Your assignment:
Return only that part of the material below which starts with the line containing "Pomoc medyczna dla Ukrainy!" and goes on through the line containing "Jubiläumsbild mit Bürgermeister: Thomas", restated exactly.

Supplied material:

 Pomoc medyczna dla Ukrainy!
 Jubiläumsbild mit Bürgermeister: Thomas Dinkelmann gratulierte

==

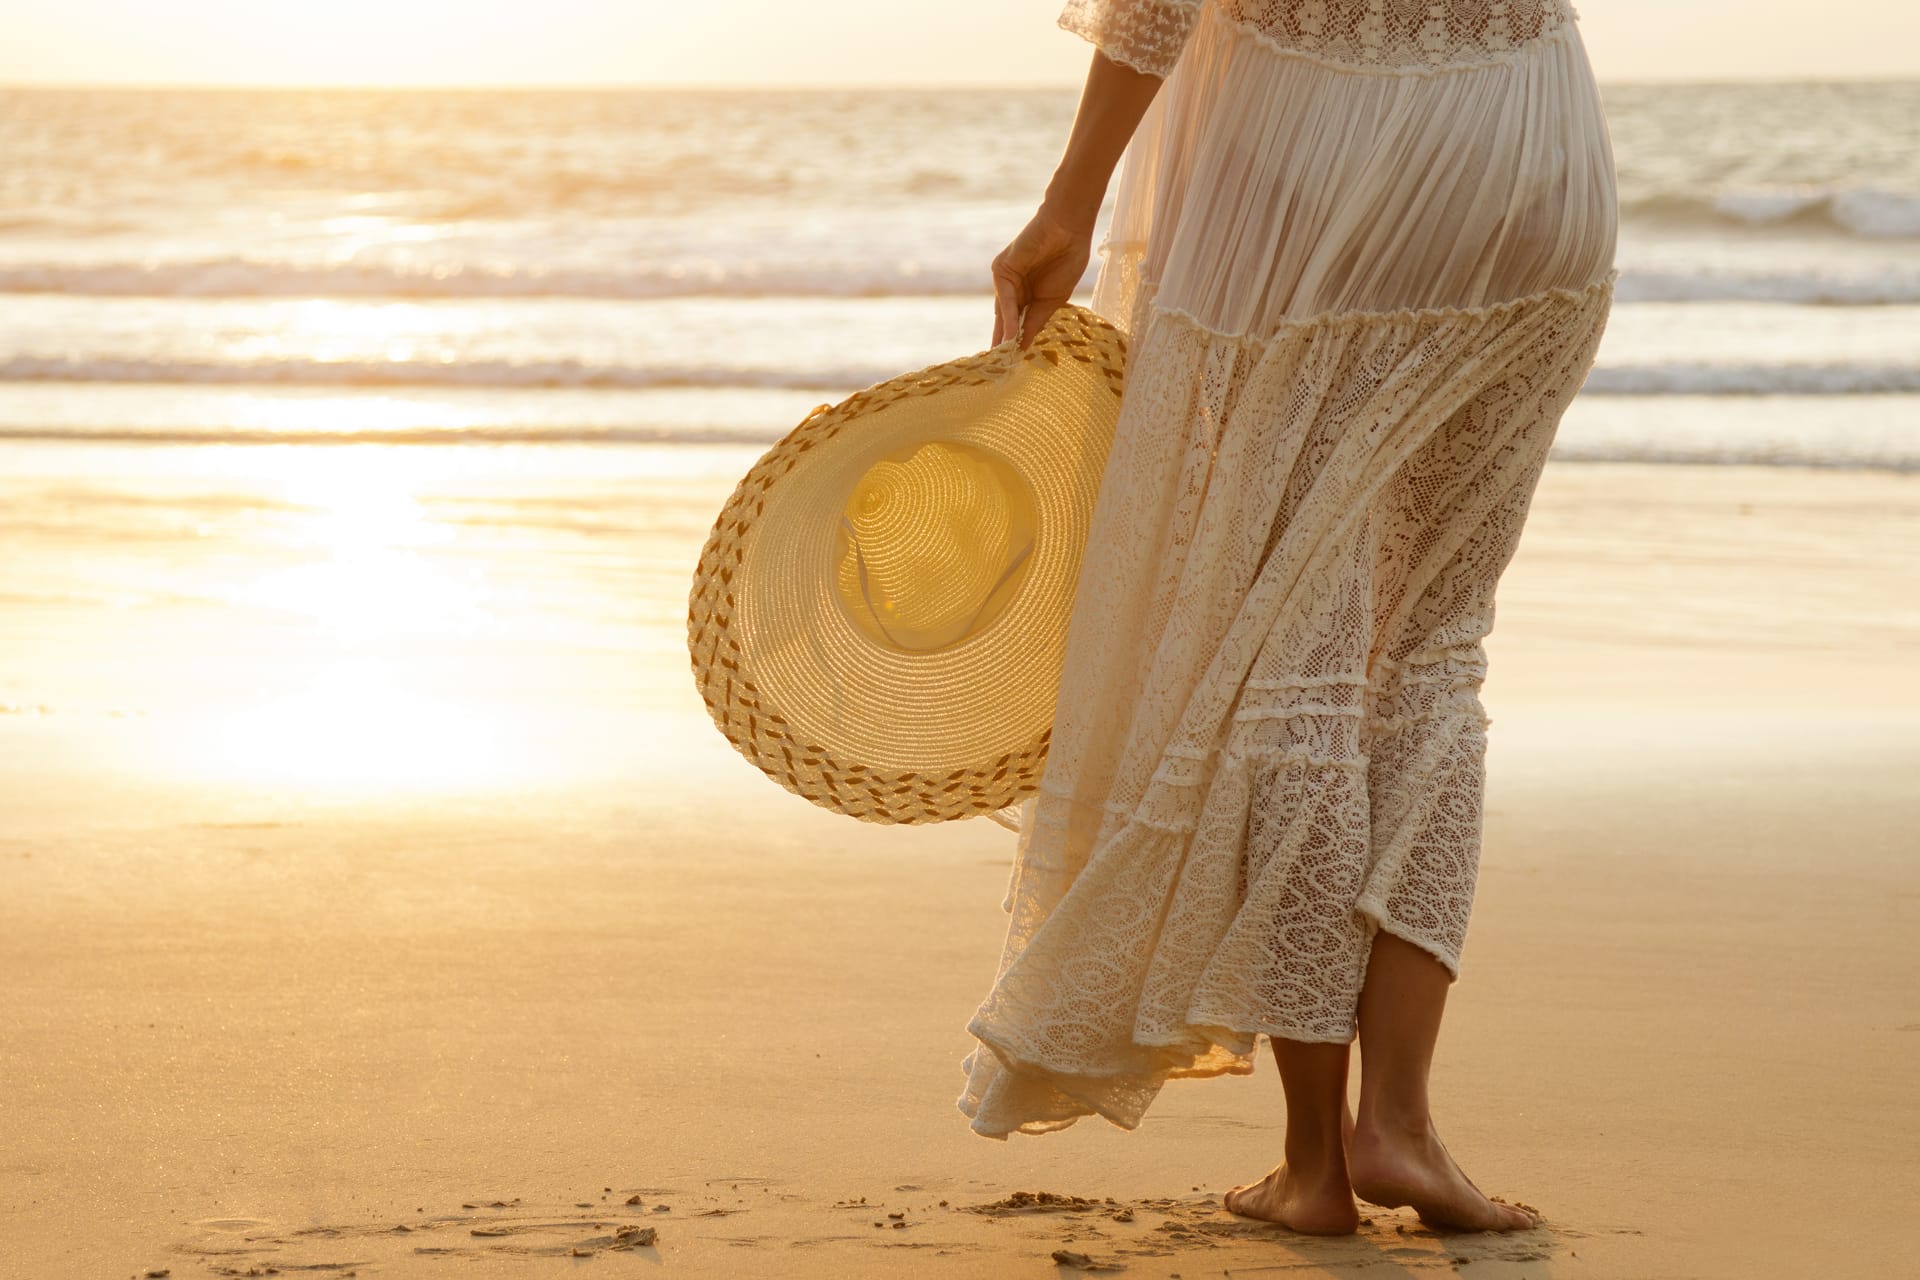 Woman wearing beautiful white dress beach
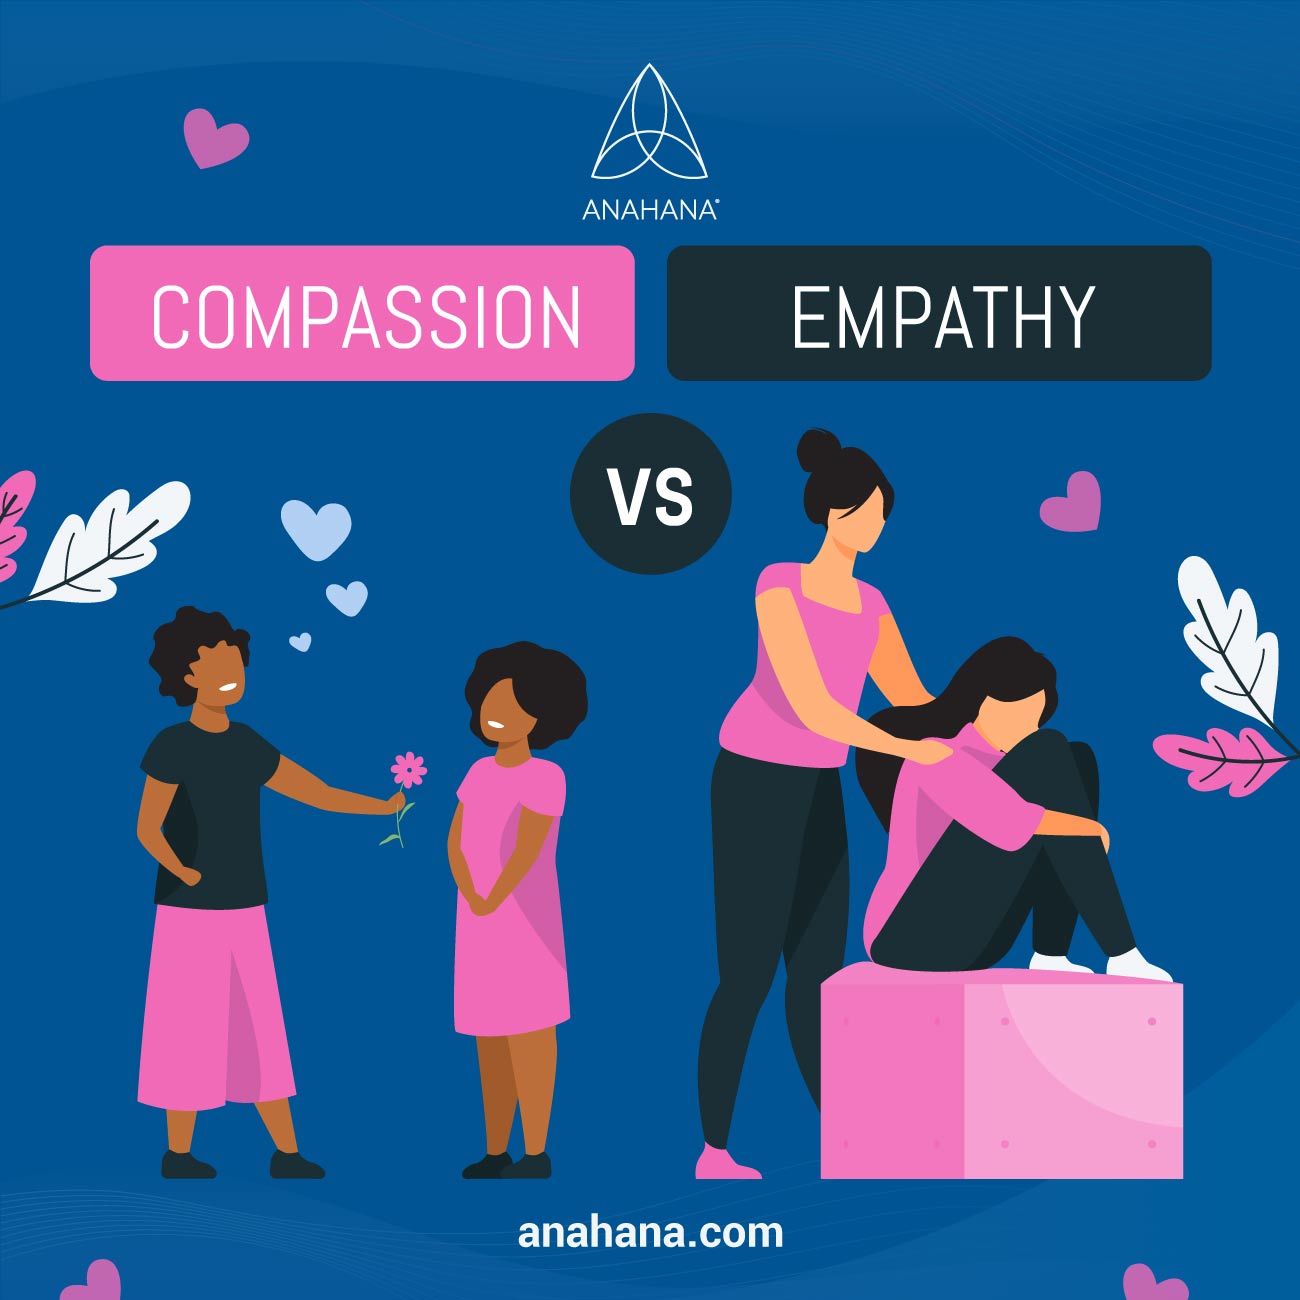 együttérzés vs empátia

Answer for the task:
 Pomoc medyczna dla Ukrainy!
 Jubiläumsbild mit Bürgermeister: Thomas Dinkelmann gratulierte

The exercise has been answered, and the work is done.